Monday, December 29, 2008

What to write?

This question is not about this blog, but about writing in general. At present, I have only two writing projects in progress:

1. Type the harmony of the gospels I did off and on over a three year period ending in 2005, then go through it to look for gaps, redundancies, potential changes in order, etc. After the typing and editing is done, type explanatory notes for the harmony, only some of which are written in manuscript form. This is likely to take all year.

2. Work on my "Life On A Yo Yo" Bible study, of the life of Peter the apostle. This is planned, and I begin teaching it on Sunday Jan 4, 2009. This is more of a teaching project than a writing project, but I figure that every such project might become a writing project given the right amount of time and energy.

But what to do about a writing career? As I've reported before, it seems that life will never give me, short of my retirement planned for 8 years and 2 days from now, enough time to do all that writing demands: write, edit, improve my craft, research the market, research agents, pour time into submittals/proposals/query letters/etc., follow-up on those, and prepare for the marketing work I would have to do should I become published. All this makes a writing career a pipe dream for now.

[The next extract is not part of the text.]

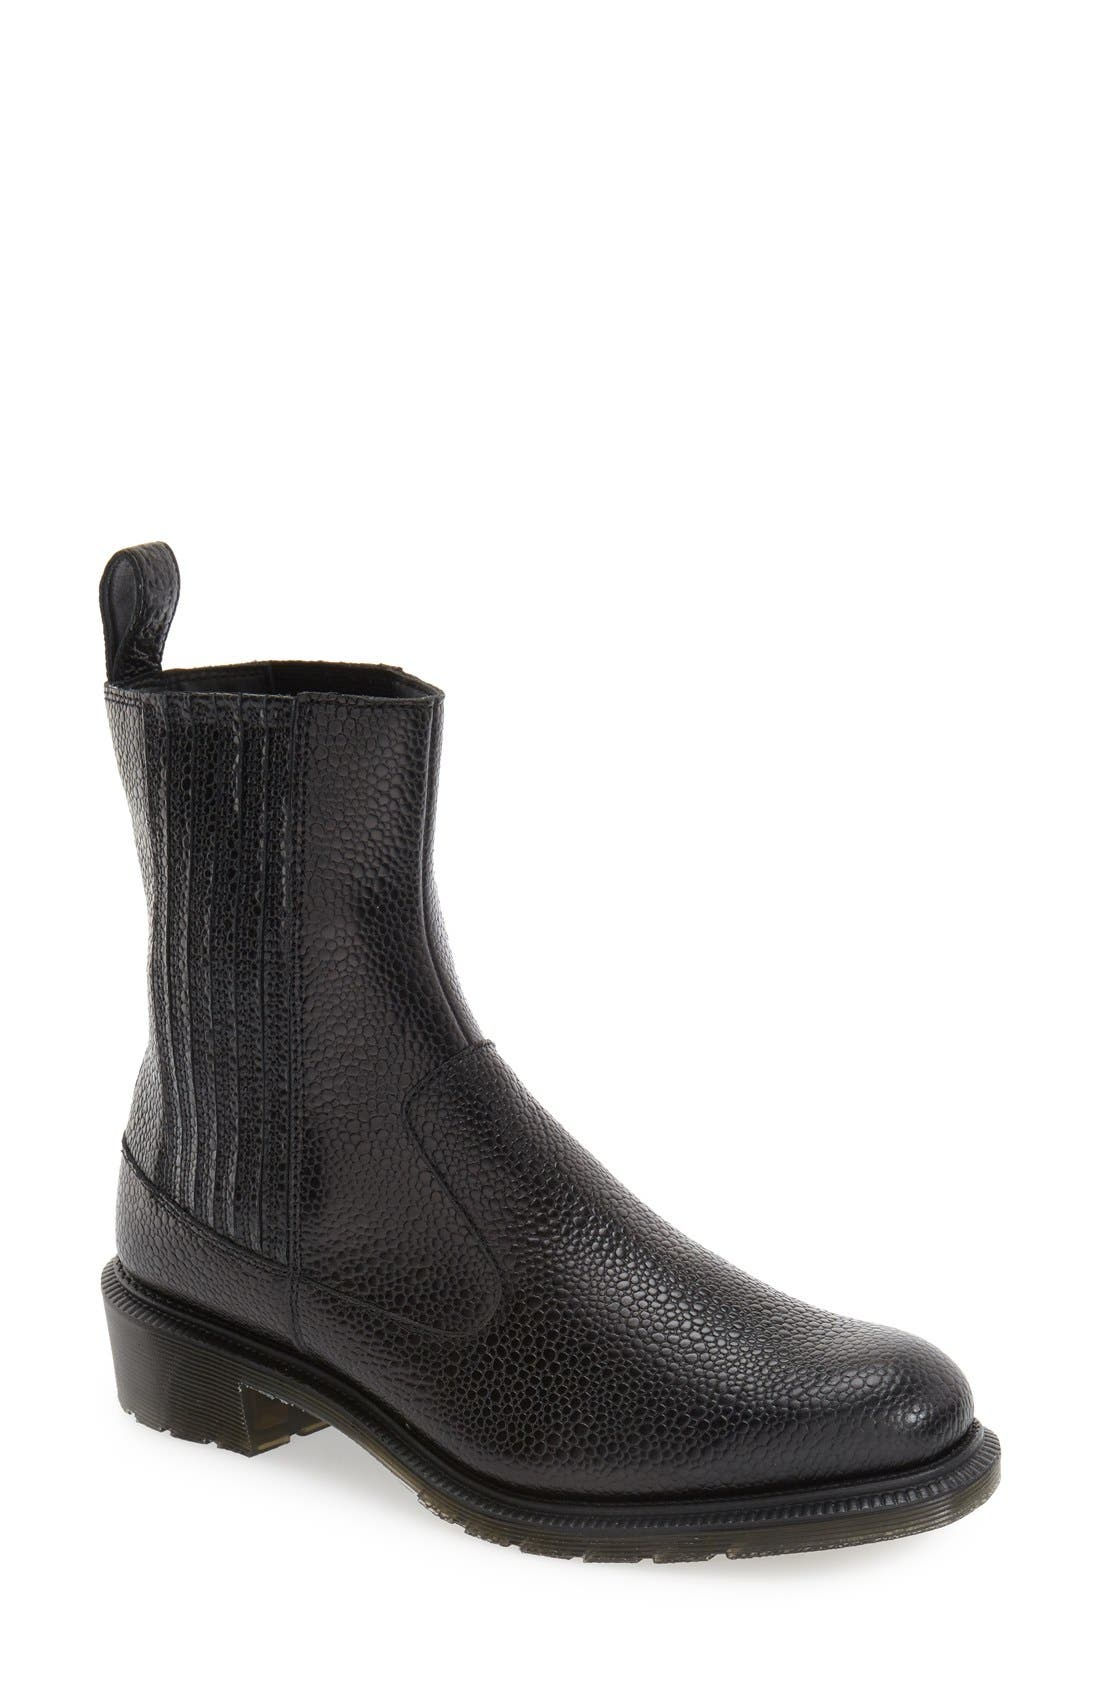 Dr. Martens 'Eleanore' Chelsea Boot
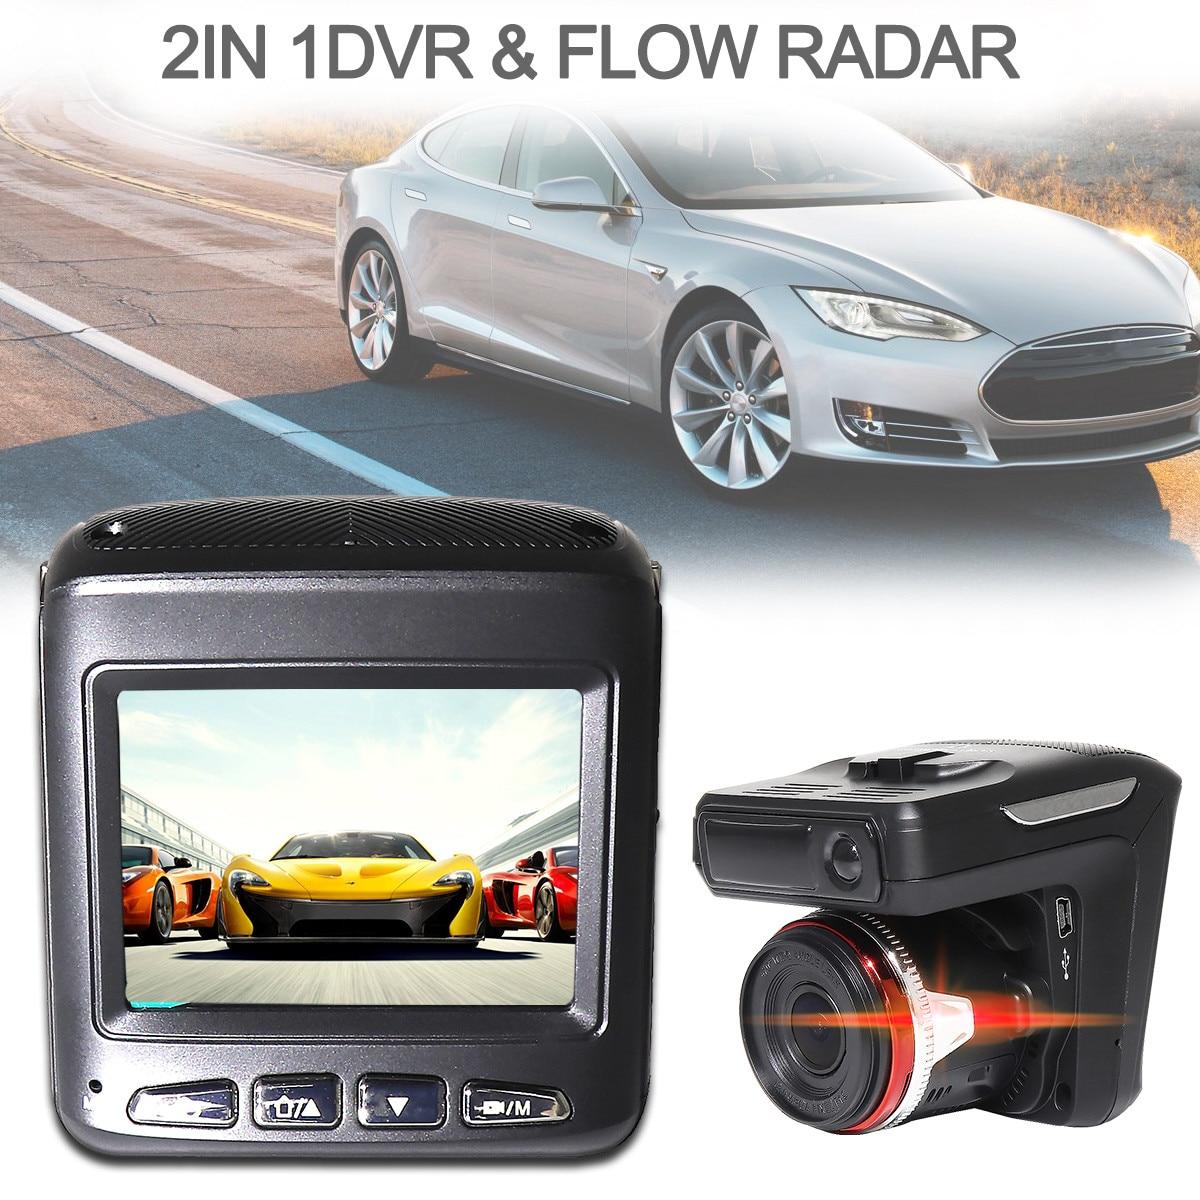 2 In 1 Car Radar Detector GPS HD 1280P Speedcam Anti Radar Detectors Car DVR Camera Dash Cam with Motion Detection Night Vision цена

So I have an unfinished second novel, In Front Of Fifty Thousand Screaming People, that must remain unfinished. I have a completed first novel, Doctor Luke's Assistant, which, having earned about ten rejections, must remain in the reject pile for the moment. I have my completed poetry book, Father Daughter Day, which, defying all rules of genre and degree of religiosity, sits in exile upon a closet shelf. My non-fiction book Screwtape's Good Advice, has only one rejection, but finding time to tailor the proposal to new editors or agents seems, in light of the current state of publishing, an effort in futility. My newspaper column, Documenting America, being a good but unique work The long list of other novels, other non-fiction books, magazine articles, etc. will just have to remain in the ideas notebook for now.